During the initial site investigation, GSI performed a reconnaissance throughout the property to identify potential ESNRs, which are defined as any area that supports any wildlife, including all areas defined at N.J.A.C. 7:1E-1.8(a), ground water, and areas and/or resources that are protected or managed pursuant to the Pinelands Protection Act, N.J.S.A. 13:18A-1 et seq. and the Pinelands Comprehensive Management Plan, N.J.A.C. 7:50. The ESNRs identified included portions of a surface water stream, two (2) surface water ponds and associated wetland areas. GSI determined pesticides (i.e.COPECs) were present, and confirmed the co-occurrence of ESNRs and COPECs on-site.
Migratory pathways identified for the property included surface runoff and shallow ground water flowing into surface waters. At this point, it could have been concluded that the co-occurrence of the three triggering conditions resulted in the requirement of an ERA; however, an investigation was performed to determine whether a complete contaminant migratory pathway existed from the COPEC areas to the ESNRs.
To investigate this, sediment and surface water samples were collected from the ESNRs. The results were compared to applicable remediation standards including the NJDEP’s Surface Water Quality Standards (SWQS) and Ecological Screening Criteria (ESC), which showed COPECs were reported at concentrations below their respective ecological remediation standards. GSI confirmed that potential contaminant migratory pathways were not complete, therefore concluding the lack of co-occurrence. Consequently, no further ecological evaluation was proposed.
GSI continued remediation of the HAP-impacted areas, which ultimately resulted in the issuance of an Unrestricted Use RAO by a Licensed Site Remediation Professional (LSRP). The client proceeded to initiate redevelopment of the former golf course into a residential community.
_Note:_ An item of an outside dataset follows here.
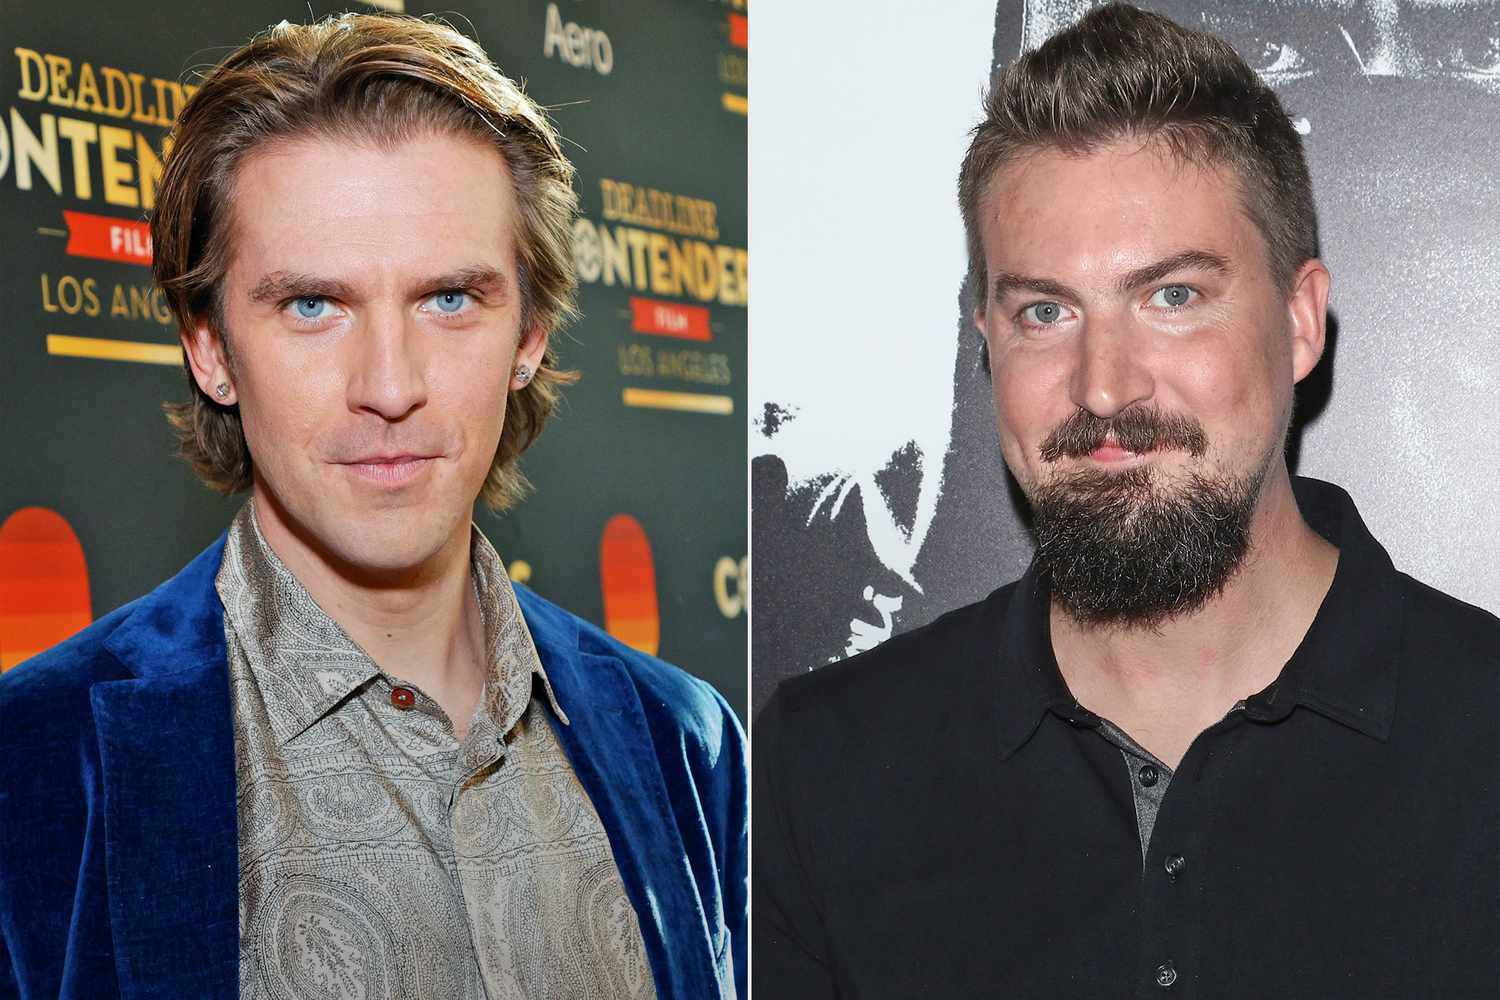 Dan Stevens from Bleecker Street's 'I'm Your Man' attends Deadline's The Contenders Film at DGA Theater Complex on November 14, 2021 in Los Angeles, California. (Photo by Amy Sussman/Getty Images for Deadline); Adam Wingard attends the "Death Note" New York premiere at AMC Loews Lincoln Square 13 theater on August 17, 2017 in New York City. (Photo by Jim Spellman/WireImage)

Approximately 6-months after the issuance of the RAO, the property had been 50% redeveloped, with prospective purchasers executing contracts for the remaining 50%. It was at this point, the NJDEP notified the client that it would require a comprehensive ecological evaluation of ecological receptors. Initiating such an investigation would have resulted in a significant loss of funds to the client; however, GSI used the findings of their investigation as evidence to prove ecological receptors at the property had not been impacted by HAP practices associated with the former golf course. Presenting this data satisfied the NJDEP’s concerns and no further investigation was required.
This project highlighted the importance of being cognizant of when new guidance should be applied during an investigation. Being mindful of potential inquiries from the NJDEP allowed GSI to work with the client and regulatory agency to avoid costly delays during completion of the work. To date, the former golf course has been transformed from an underutilized eye-sore for the County into a blossoming high-end residential development.